Devlet teslim alamadı

  •  300’e yakın kişinin katledildiği Cizre’de, aradan geçen 5 yıla rağmen açılan davalarda ilerleme sağlanamadı, dosyalar ya ‘faili meçhul’e ya da sürüncemede bırakıldı.
  •  Kentte dün yapılan anmaya katılan DTK Eşbaşkanı Öztürk, ‘Çöktürme Planı’na karşı öz yönetim direnişinin verildiğini hatırlatarak, ”Umudumuz ve inancımızla kazanacağız” dedi.
  •  HDP MYK da yakıp yıkarak teslim alma, sindirme ve susturma girişimlerine rağmen bölgede yaşayan Kürt halkının, bugün ayakta olduğunu ve onurlu direnişini sürdürdüğünü vurguladı.

Cizre’de ilan edilen sokağa çıkma yasağı ve katliamın üzerinden 5 yıl geçti.

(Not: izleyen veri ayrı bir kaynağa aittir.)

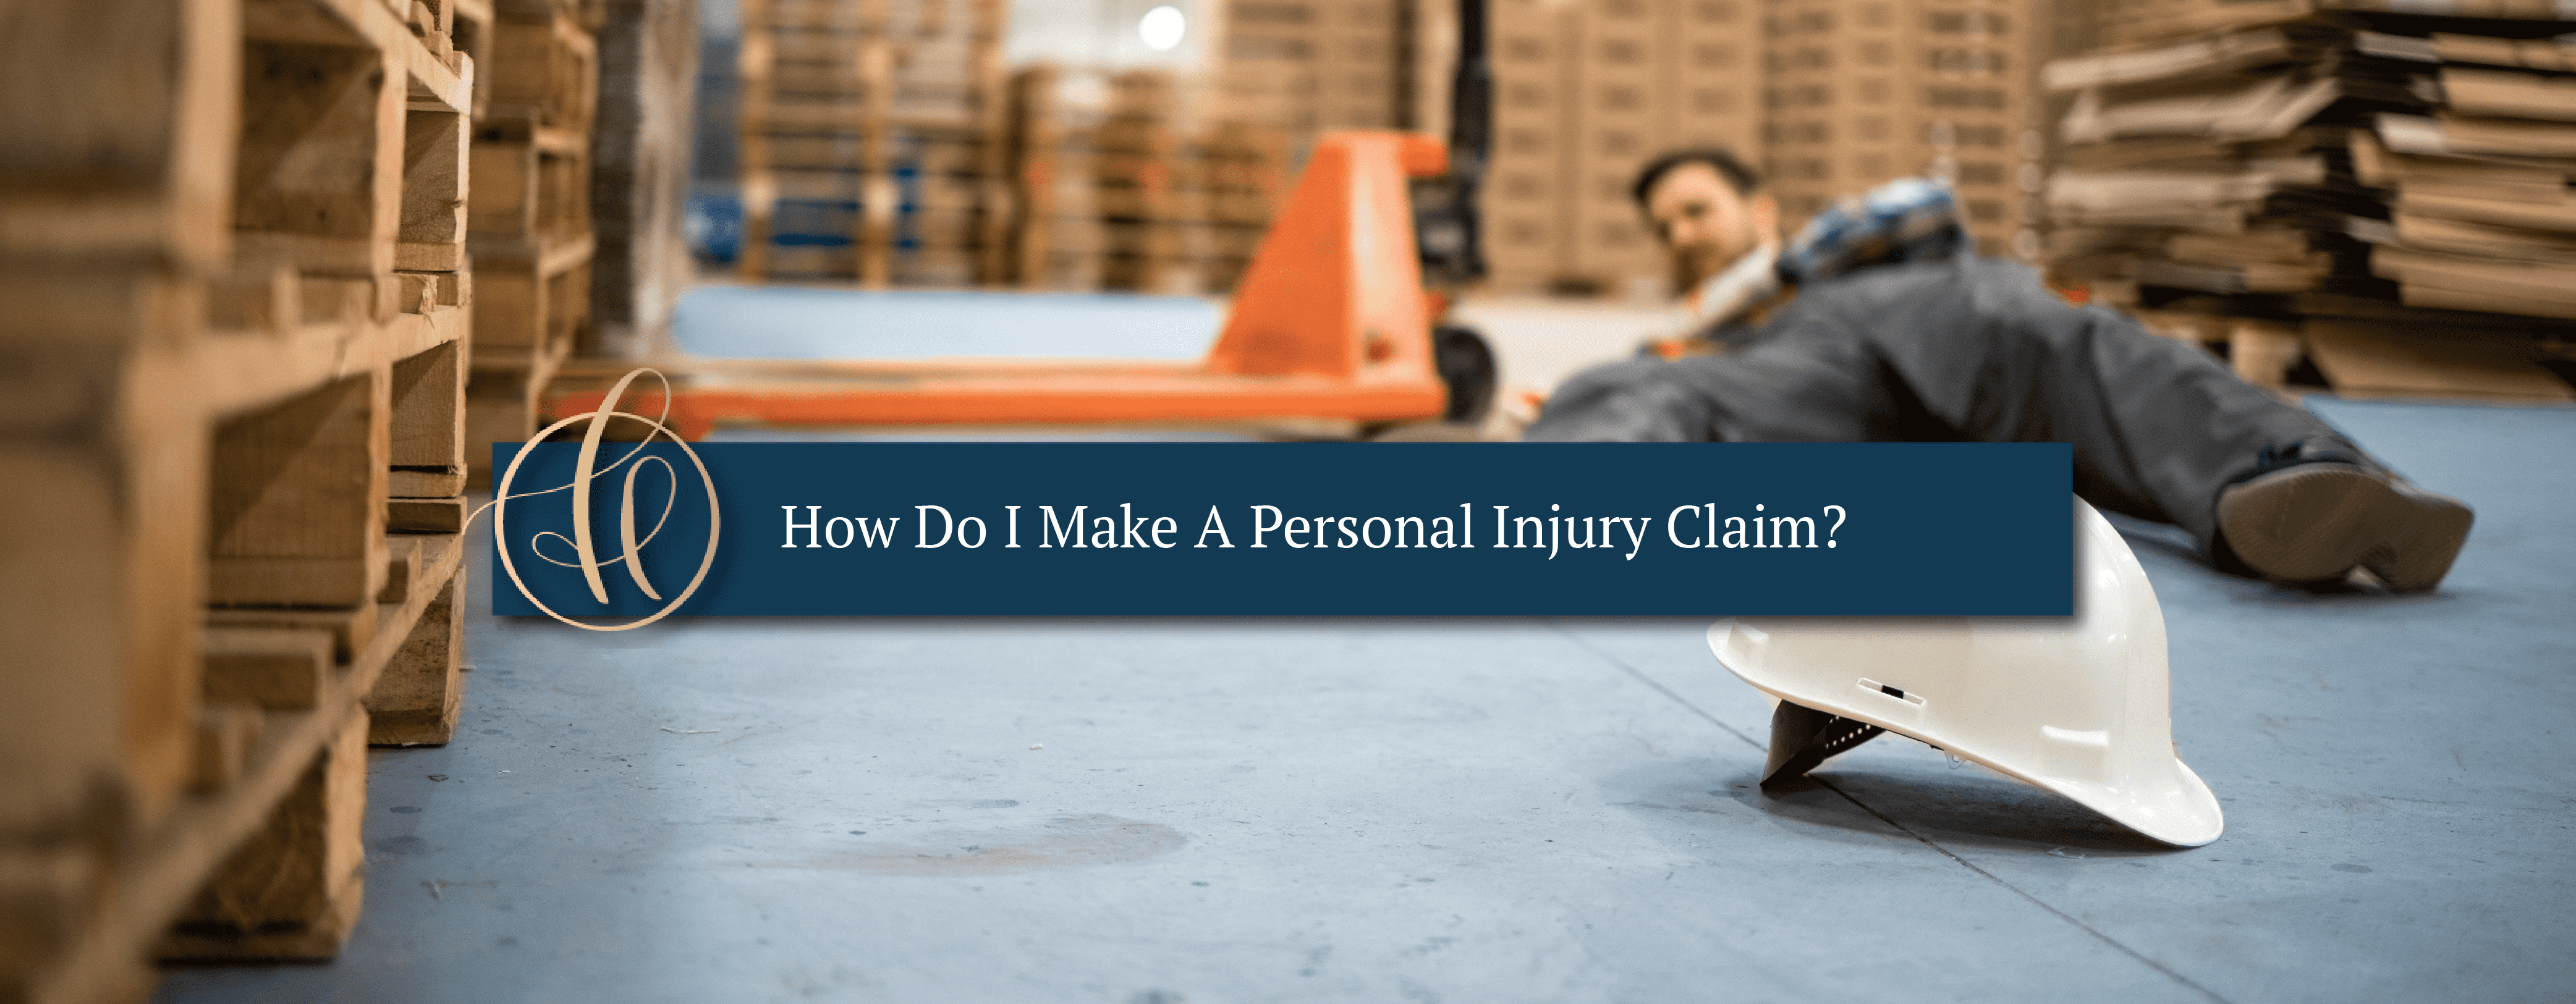 Making a Personal Injury* Claim: Step by Step

Katliama ilişkin pek çok dosya “hukuka uygun” denilerek takipsizlik kararıyla sonuçlandı. ‘Faili meçhul’e bırakılan dosyalarda 5 yıldır hiçbir ilerleme yok. Cizre’de katledilenler, DTK Eşbaşkanlarının da katılımıyla anıldı.

Şırnak Valiliği’nin 14 Aralık 2015’te Cizre ilçesinde ilan ettiği sokağa çıkma yasağı, 79 gün sürdü. 2 Mart 2016’da sona eren abluka ve saldırılarda 300’e yakın kişi katledildi. Yasak boyunca aralarında ağır yaralıların olduğu ve bodrumlara sığınan 177 kişi, polis ve asker tarafından yakıldı. 92 kişi kimlik bilgileri açıklanmadan kimsesizler mezarlığına defnedildi. Abluka boyunca hiçbir gazeteci, siyasetçi, kurum ya da kuruluşun Cizre’ye girmesine izin verilmedi. Cizre ablukasında sivil yerleşim alanlarına yönelik top atışları ve psikolojik baskı yöntemleriyle halk göçe zorlandı. Direniş tarihiyle tanınan Cizre halkı, baskılar karşısında da evlerini ve topraklarını terk etmedi.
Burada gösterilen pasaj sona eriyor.